Here is how to set the block_len
when working inside the notebook.
from roughly_score_relationships_to_subject_seq_pairwise_premsa import roughly_score_relationships_to_subject_seq_pairwise_premsa
df = roughly_score_relationships_to_subject_seq_pairwise_premsa("seq_files.fa", block_len=200)
df
Sequences read in... Longest sequence in input detected as 85793. ...calculating scores of pairwise alignments... Anticipated memory issues with long sequence and so only block of 200 bps from the start compared. ... Super long sequence detected: Comparing a 2nd block back from the sequence 'end' as well and combining scores. ...summarizing scores... Results converted to a dataframe... A table of the data has been saved as a text file (tab-delimited).
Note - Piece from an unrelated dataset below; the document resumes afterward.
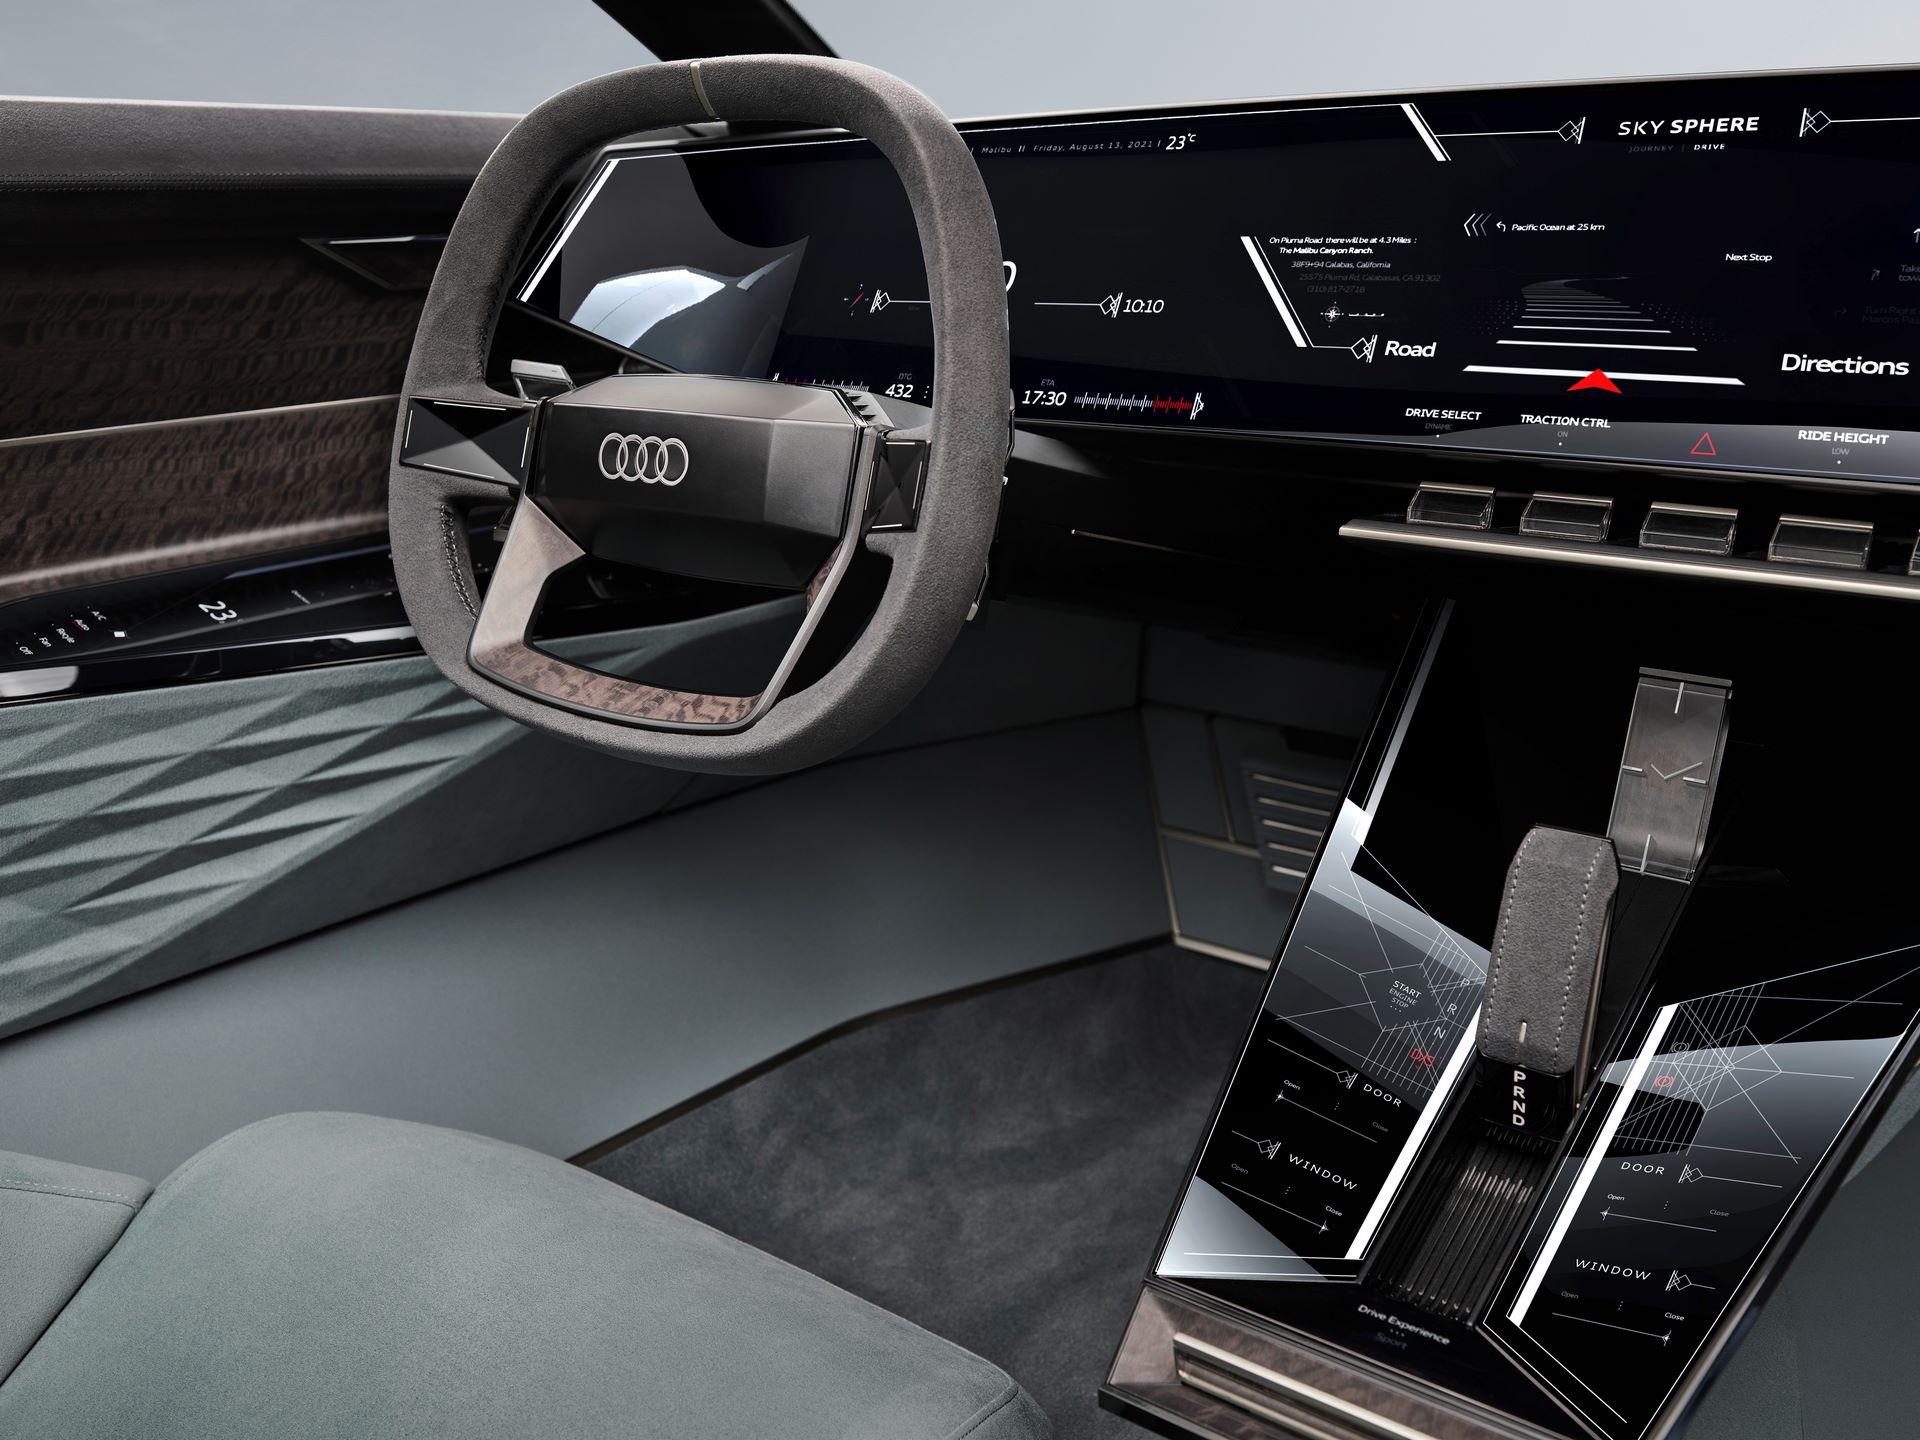 Audi-Skysphere-Concept-70

DATA is stored as ==> 'ranked_seqs_df.tsv' Returning a dataframe with the information as well.
id | score_vs_S288C | |
---|---|---|
4 | YPS128 | 360.5 |
5 | UWOPS034614 | 356.0 |
3 | Y12 | 351.5 |
0 | DBVPG6044 | 334.5 |
2 | SK1 | 334.5 |
8 | YPS138 | 324.0 |
9 | UFRJ50816 | 324.0 |
10 | UWOPS919171 | 316.0 |
1 | DBVPG6765 | 315.0 |
6 | CBS432 | 313.0 |
7 | N44 | 310.0 |
Remember, the data this produces won't be informative. It is just to make sure something more fundamental isn't causing you a problem. If you get it working with a tiny value then you can attempt to use more reasonable sizes.